Notice and Request for Comments - Proposed Policy Change to Policy 6 - Distributions Regarding Amendment of Warrant Terms - Canadian Trading and Quotation System Inc. (CNQ)

Market Regulation Document Type
Canadian Securities Exchange (CSE) rule review and notices

The Board of Directors of Canadian Trading and Quotation System Inc. ("CNQ") has passed a resolution to amend CNQ Policy 6 upon Ontario Securities Commission approval following public notice and comment. The text of the proposed rules is attached as Appendix "A". A proposed "Form 13 -- Notice of Amendment of Warrant Terms" is attached as Appendix "B".

The Board has determined that the proposed amendments are in the public interest and have authorized them to be published for public notice and comments. Comments should be made no later than 30 days from the date of publication of this notice and should be addressed to:

Canadian Trading and Quotation System Inc.
BCE Place, 161 Bay Street
Suite 3850, P.O. Box 207
Toronto, ON
M5J 2S1

Attention: Mark Faulkner, Director, Listings and Regulation

Fax: 416.572.4160
Email: [email protected]

A copy should be provided to the Ontario Securities Commission at the following address:

Capital Markets Branch
Ontario Securities Commission
Suite 1903, Box 55
20 Queen Street West
Toronto, ON
M5H 3S8

Attention: Cindy Petlock, Manager, Market Regulation

Fax: 416.595.8940
Email: [email protected]

Proposed Change

CNQ is proposing changes to Policy 6 (the "Policy") that will provide for the amendment of terms of previously issued warrants issued pursuant to a private placement or acquisition. They do not affect listed warrants or warrants issued as compensation, which cannot be amended.

Rationale

CNQ listed companies are primarily emerging issuers that rely on financing activity to fund operations. The ability to amend terms of warrants that would otherwise expire without being exercised provides a way for Issuers to raise additional funds from sources that have previously invested in the company. The increased flexibility will increase the attractiveness of primary offerings by CNQ listed companies. The proposed changes will make CNQ policy similar to the policies of other Canadian stock exchanges and will be readily understood and accepted by the financial community.

Description of Change

Policy 6, Section 7.4 currently states "Except in exceptional circumstances and with the prior consent of CNQ, CNQ Issuers must not change, modify or amend the characteristics of outstanding warrants or other convertible securities other than pursuant to standard anti-dilution terms. For greater certainty, the fact that a convertible security will expire out of the money is not an "exceptional circumstance"

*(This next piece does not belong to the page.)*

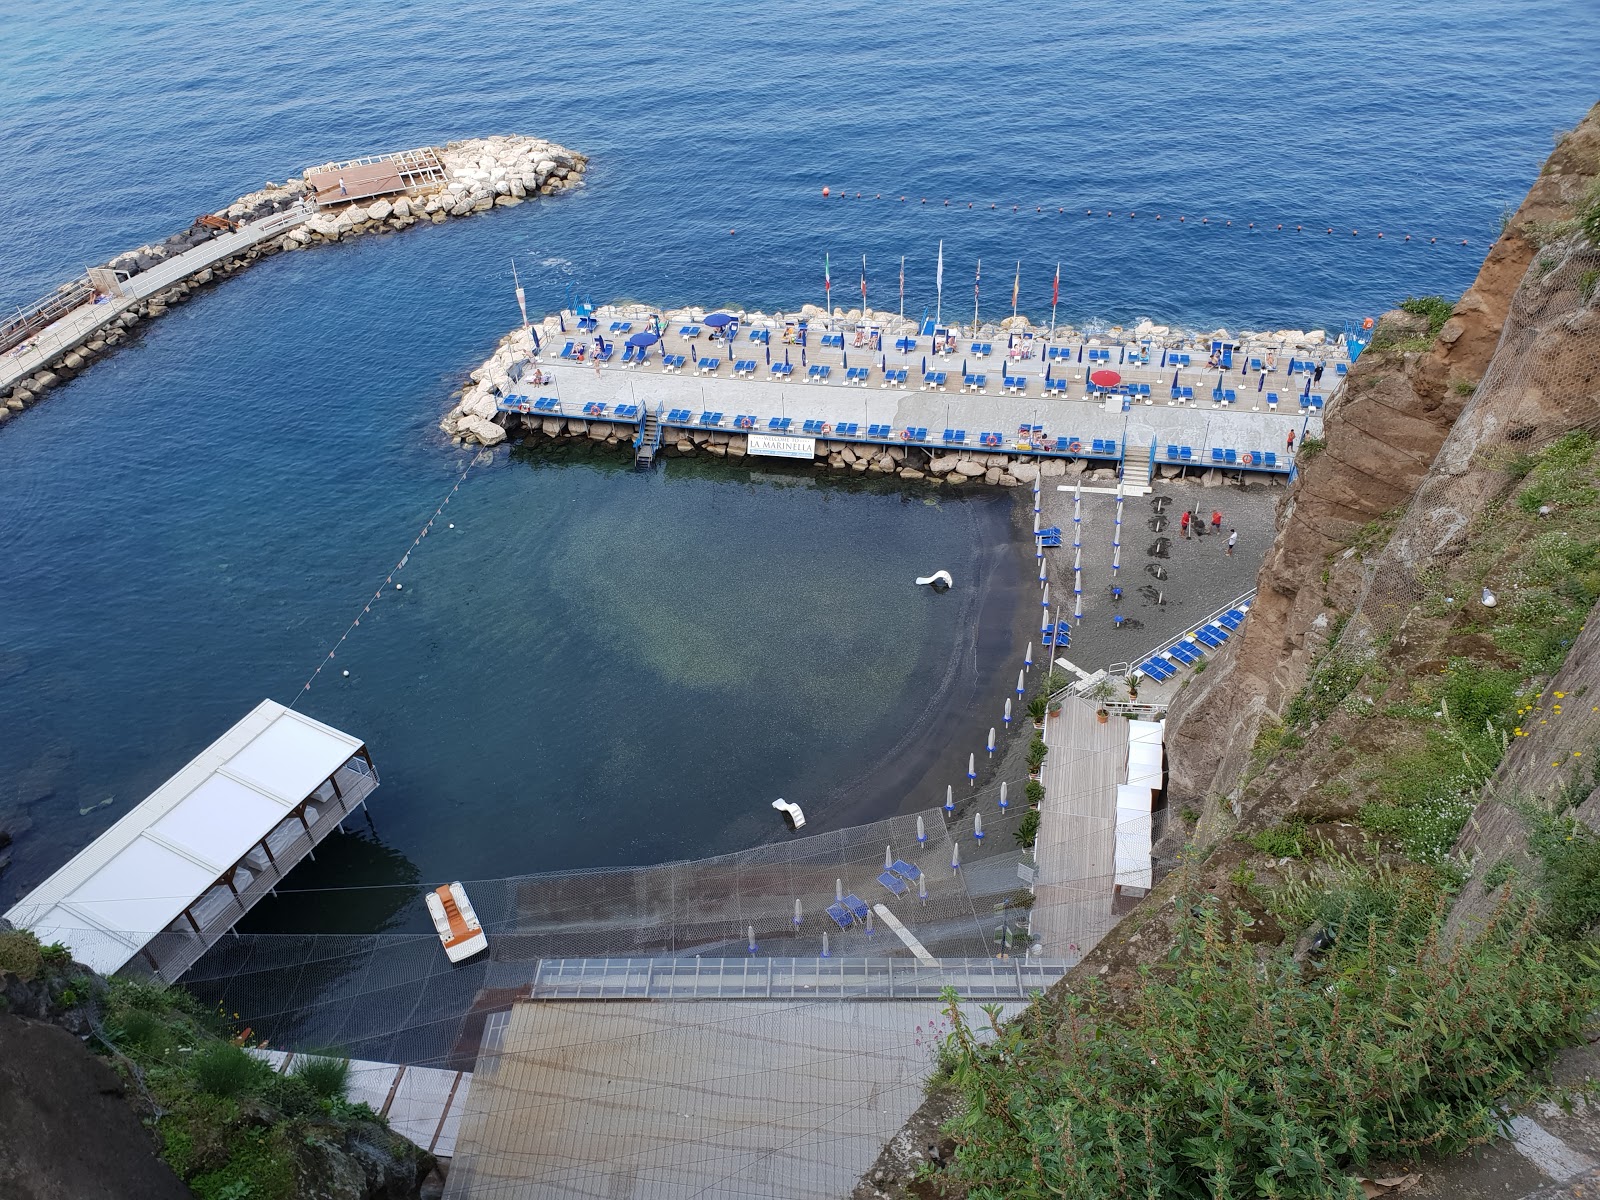 Zdjęcie Spiaggia La Marinella z powierzchnią niebieska woda

The amended section 7 includes the addition of a maximum permitted term of 5 years, where there was previously no maximum, and specific criteria that must be met for extending terms or amending exercise prices of warrants. The section provides for the amendment of warrant terms if: the warrants are not listed for trading; the exercise price is higher than the current market price, no warrants have been exercised in the last six months; and at least 10 trading days remain before the expiry date.

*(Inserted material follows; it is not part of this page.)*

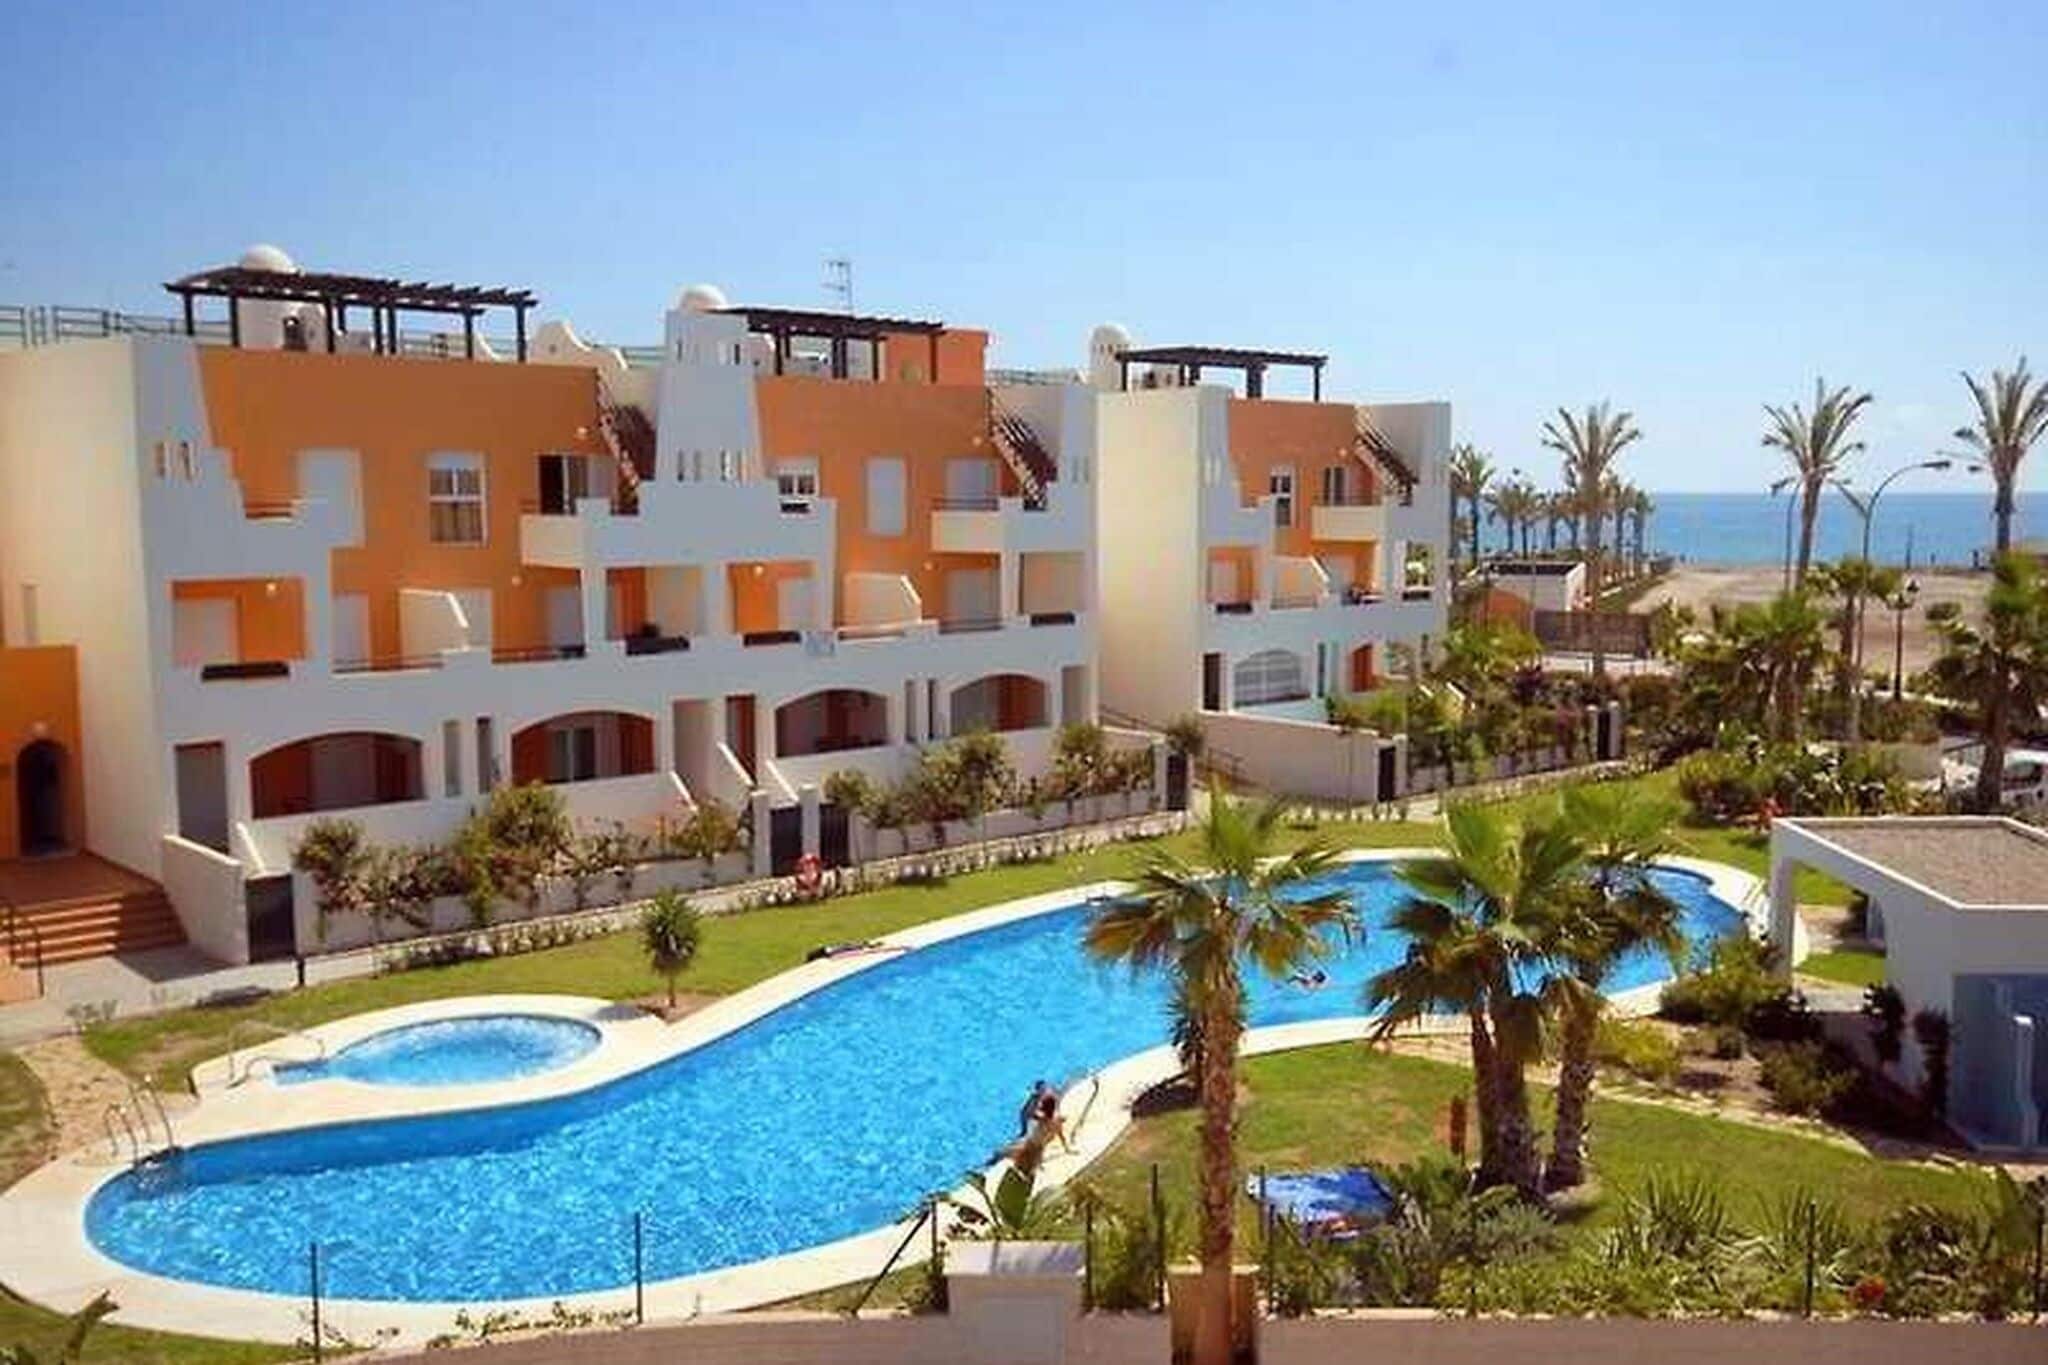 Pleasant apartment in Vera Playa near the beach

The term of a warrant may not be extended beyond 5 years from the date of issuance, and the exercise price may be amended once, subject to a number of conditions. An Issuer may amend the exercise price if the warrants were priced above the market price at the time of issuance and amended is also at or above that price; and, the amended price is at or above the average closing price of the listed shares for the last 20 trading days (or average of the bid/ask on days with no trading.

An Issuer may amend the exercise price to a price below the market price at the time of issuance, provided that if for 10 consecutive trading days the closing price of the listed shares exceeds the amended price by the applicable private placement discount the terms of the warrants must also be amended to 30 days, commencing 7 days from the end of the 10 day period. In this case, consent must be obtained from all holders of the warrants.

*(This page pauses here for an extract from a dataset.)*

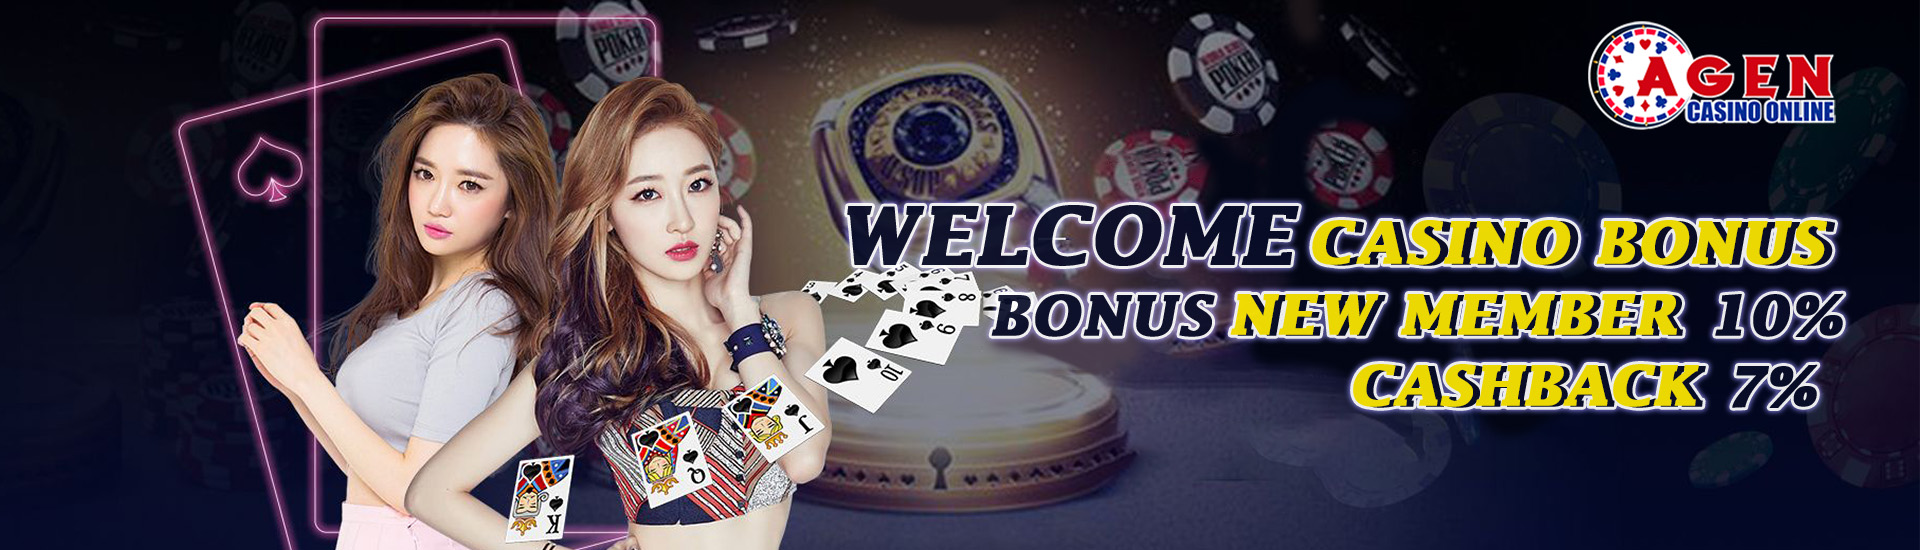 Agen Casino Online Desktop

A maximum of 10% of the total warrants to be repriced may be repriced for insiders. If insiders hold more than 10% of the total, then the allowable 10% will be allocated pro rata among those insiders.

Disclosure must be made by press release and filing of new Form 13 -- Notice of Amendment of Warrant Terms.

Impact of the Proposed Change

The proposed changes would have a minor overall positive impact on the ability of listed companies to raise capita. Not all companies would take advantage of the changes, however, those that could potentially receive a great benefit from increased financing flexibility.

Consultation

CNQ has had several discussions with listed companies and their respective counsel regarding the proposed changes. While these were not systematic consultations it is clear that they believe that such changes would be beneficial to CNQ listed companies and would not cause undue dilution to shareholders.

Alternatives

CNQ considered maintaining the prohibition on amendments to privately-issued warrants. It was rejected as it could cause hardship to CNQ listed companies and be an incentive to list on an exchange that does permit amendments.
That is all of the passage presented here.